Bitte beachten Sie: Der Kommentarbereich wird gemäß der  Forenregeln moderiert. Allgemeine Fragen und Kritik zu Online-Artikeln von PC Games Hardware sind im Feedback-Unterforum zu veröffentlichen und nicht im Kommentarthread zu einer News. Dort werden sie ohne Nachfragen entfernt.




			Dieser Inhalt steht nur eingeloggten Mitgliedern zur Verfügung.
        

 Zurück zum Artikel: *The Expanse: Deutscher Trailer zur 2. Staffel der Sci-Fi-Serie*


----------



## Cosmas (15. November 2018)

Eine der besten SciFi Serien überhaupt, unbedingt ansehen!


----------



## azzih (15. November 2018)

Staffel 2 ist doch schon ewig draussen. Seh grad Staffel 3 ist ja auch Mitte des Jahres erschienen, habs nur nicht mitgekriegt weil Netflix scheinbar die Rechte aufgegeben hat und das zu Amazon Prime wechselt.
Eigentlich unverständlich, weil das imo mit die beste Science Fiction Serie in Netflix war.


----------



## Govego (15. November 2018)

eine der besten sience fiction serien momentan und bei weitem besser als der star trek serien reebot!

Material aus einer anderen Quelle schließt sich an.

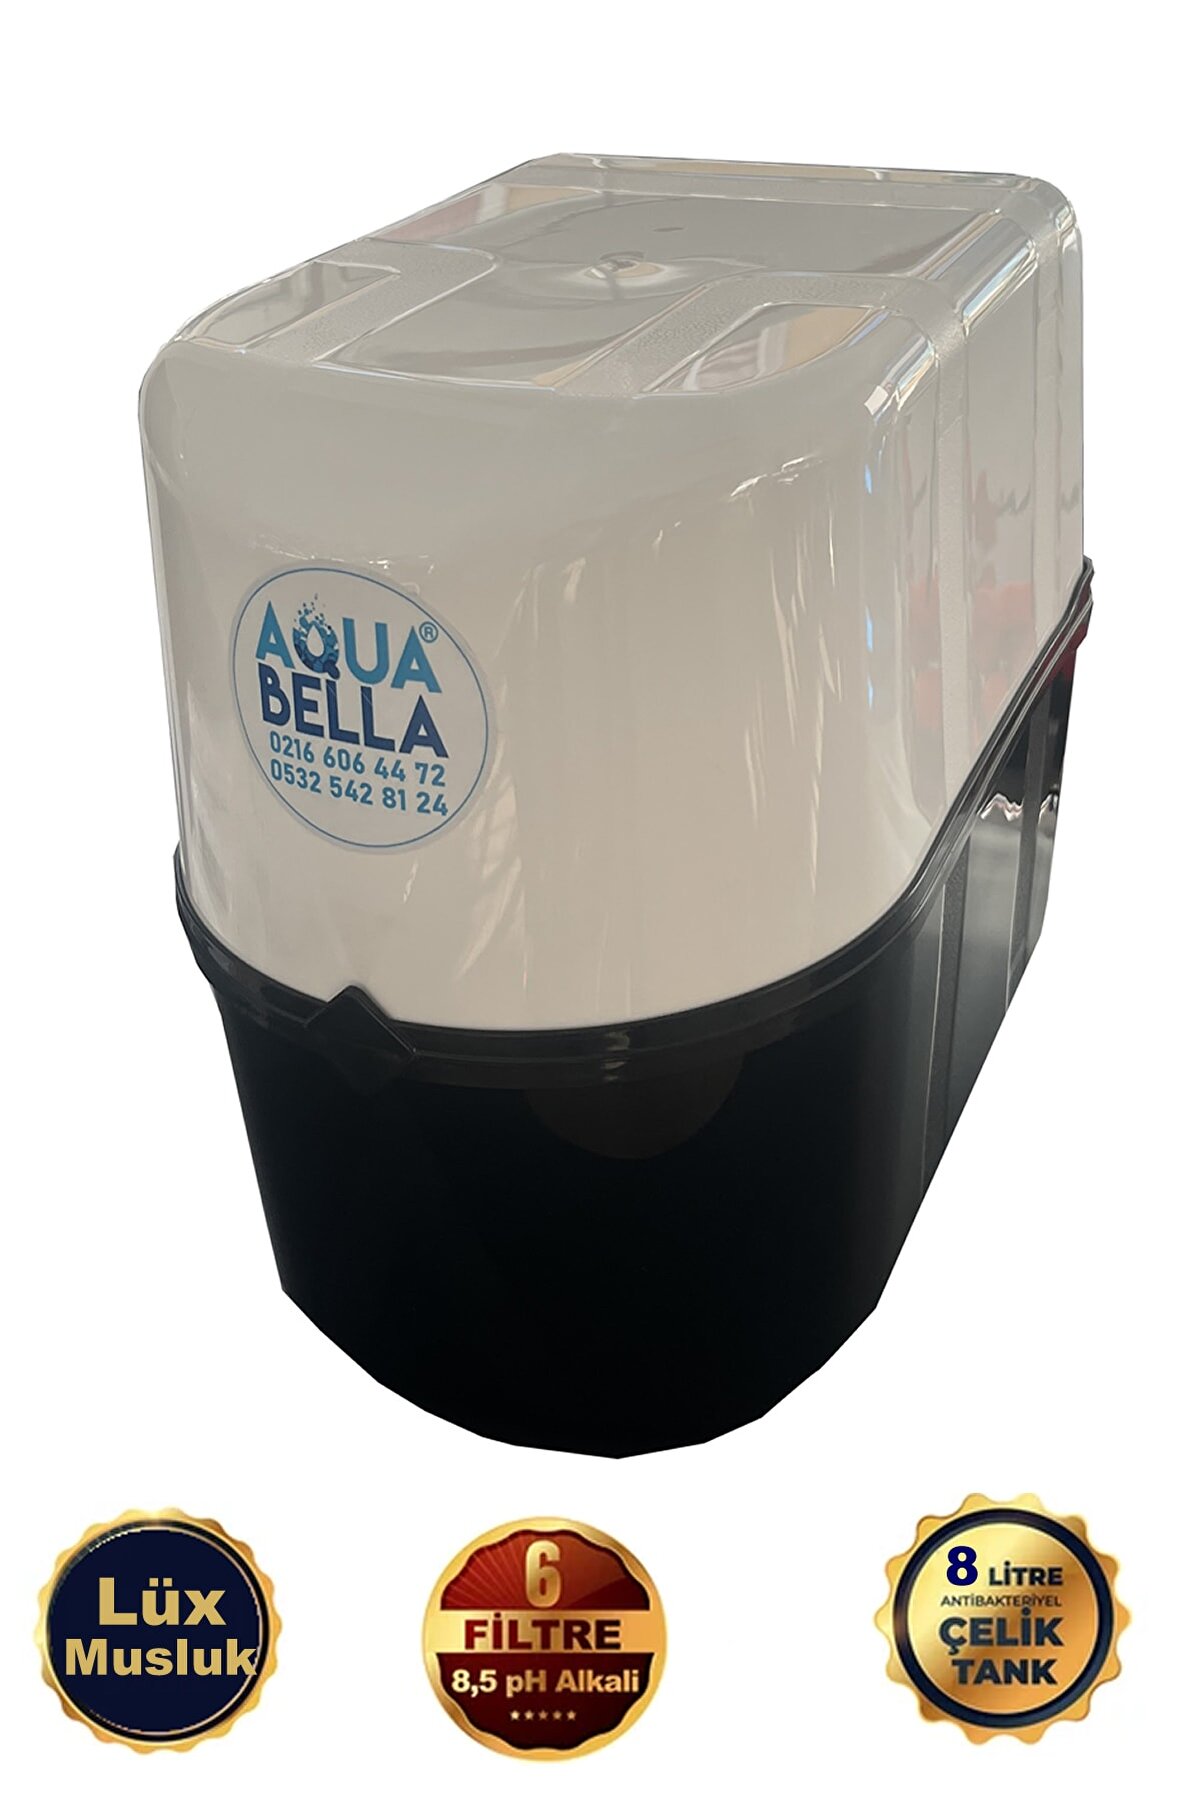 AQUA BELLA Gold Crystal 10 Aşamalı Çelik Tanklı Su Arıtma Cihazı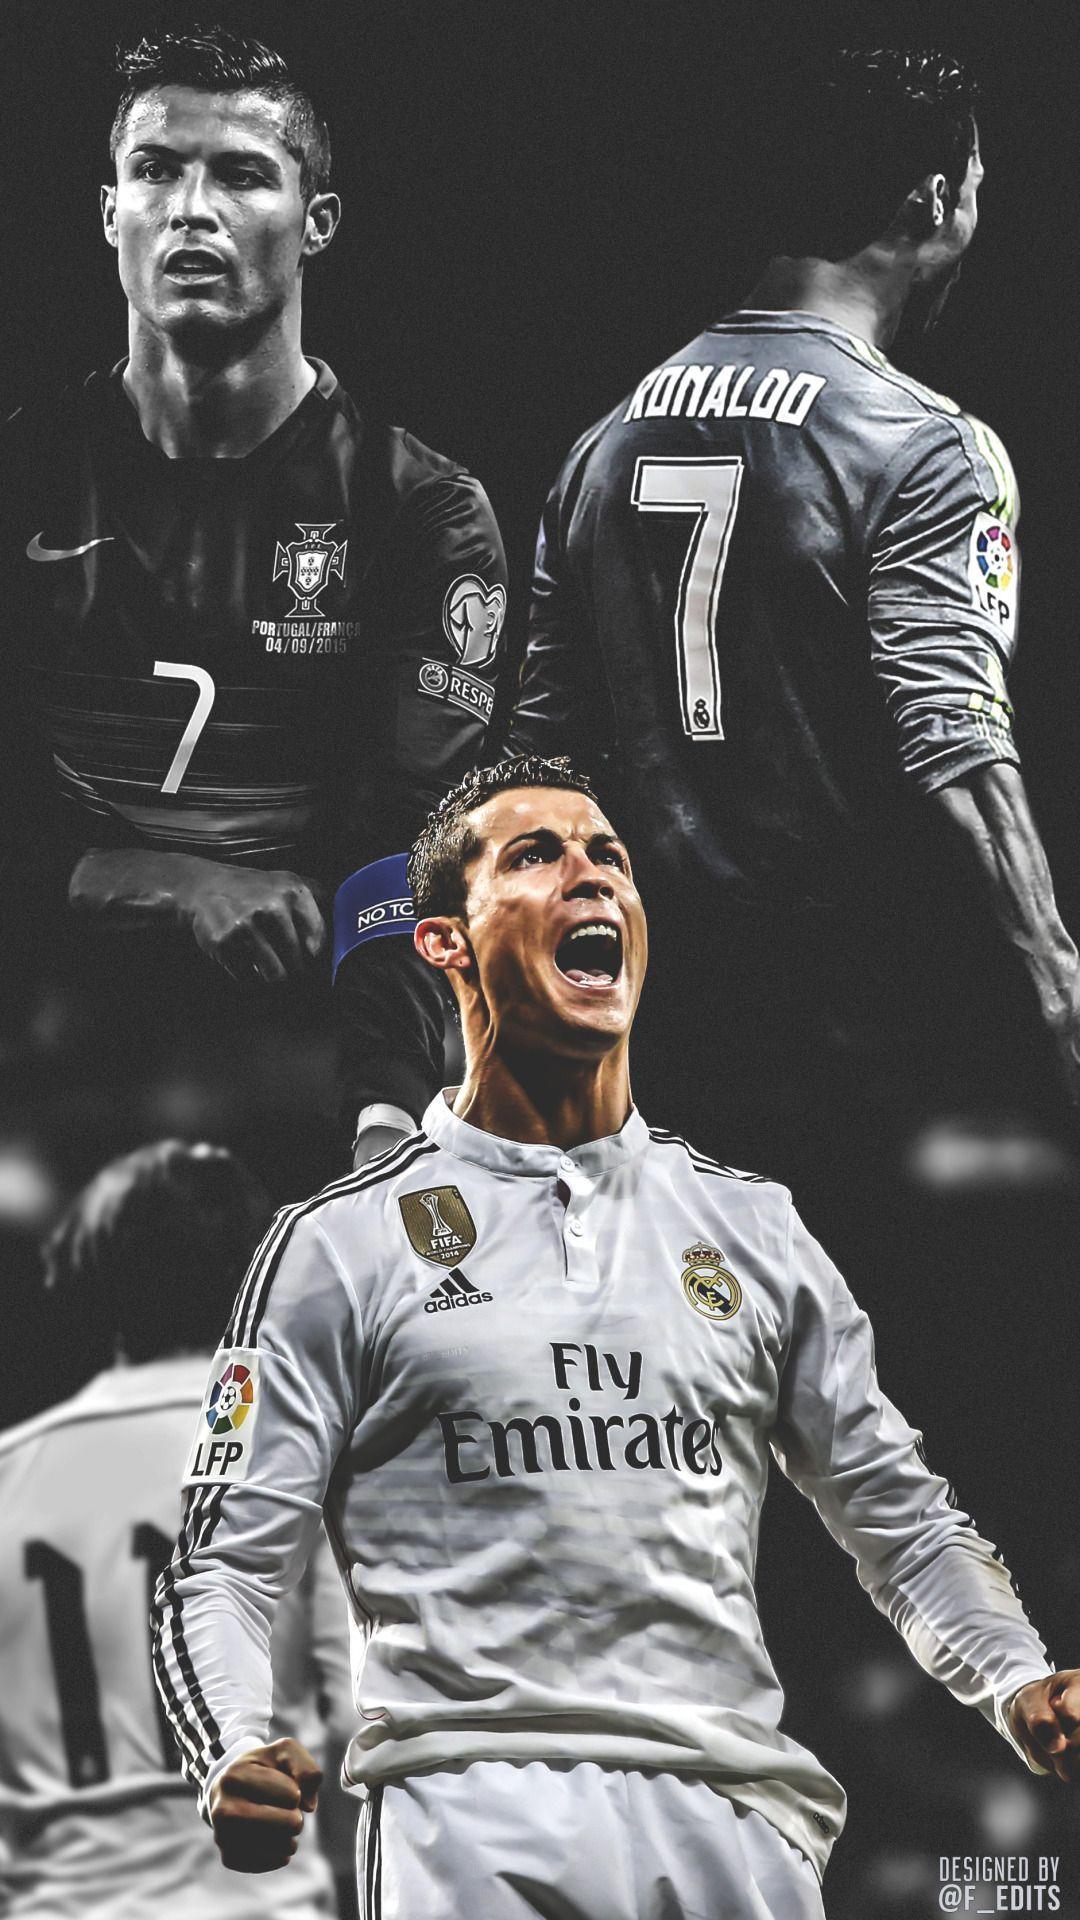 Cristiano Ronaldo wallpaper. Cristiano ronaldo wallpaper, Ronaldo wallpaper, Cristiano ronaldo

aber als ich diese news gelesen habe, musste ich vor furst fast schreien. ich meine, in bestimmt einem halben jahr kommt die 4. staffel in den USA heraus und wir bekommen gerade mal die 2. staffel auf dvd.

und von einer deutschen synchro der 3. staffel ist weit und breit nichts zu sehen

wir hängen bei dieser spitzenserie wirklich eine staffel hinterher. welche trantüte kümmert sich den um die dvds dieser serie - ein faultier?


----------



## azzih (15. November 2018)

Ja gut DVDs und Blurays sind halt kein relevanter Markt mehr, wird bald sone Art Schallplatten Dasein fristen für Liebhaber.
Viel mehr ärgert mich dass die 3. Staffel bei Amazon Deutschland aktuell wohl nicht verfügbar ist, überall sonst aber irgendwie schon. Dazu ist Amazon Prime mit dem oft fehlenden Originalton nicht gerade der Streamingdienst meiner Wahl.


----------



## Zero-11 (15. November 2018)

übelste Heliozentrische Propaganda: Erdkreis - Buecher zur Flachen Erde


----------



## Threshold (16. November 2018)

Govego schrieb:


> und von einer deutschen synchro der 3. staffel ist weit und breit nichts zu sehen



Amazon hat die Rechte übernommen, seit SiFi die Serie eingestellt hat.
Daher gibt es sie nicht mehr bei Netflix und wann Amazone die dritte Staffel in Deutschland zeigt, steht in den Sternen.
Dieses Jahr wohl nicht mehr.


----------



## HenneHuhn (17. November 2018)

Zero-11 schrieb:


> übelste Heliozentrische Propaganda: Erdkreis - Buecher zur Flachen Erde



Damit machst du dir sicher Freunde rund um die Welt!


----------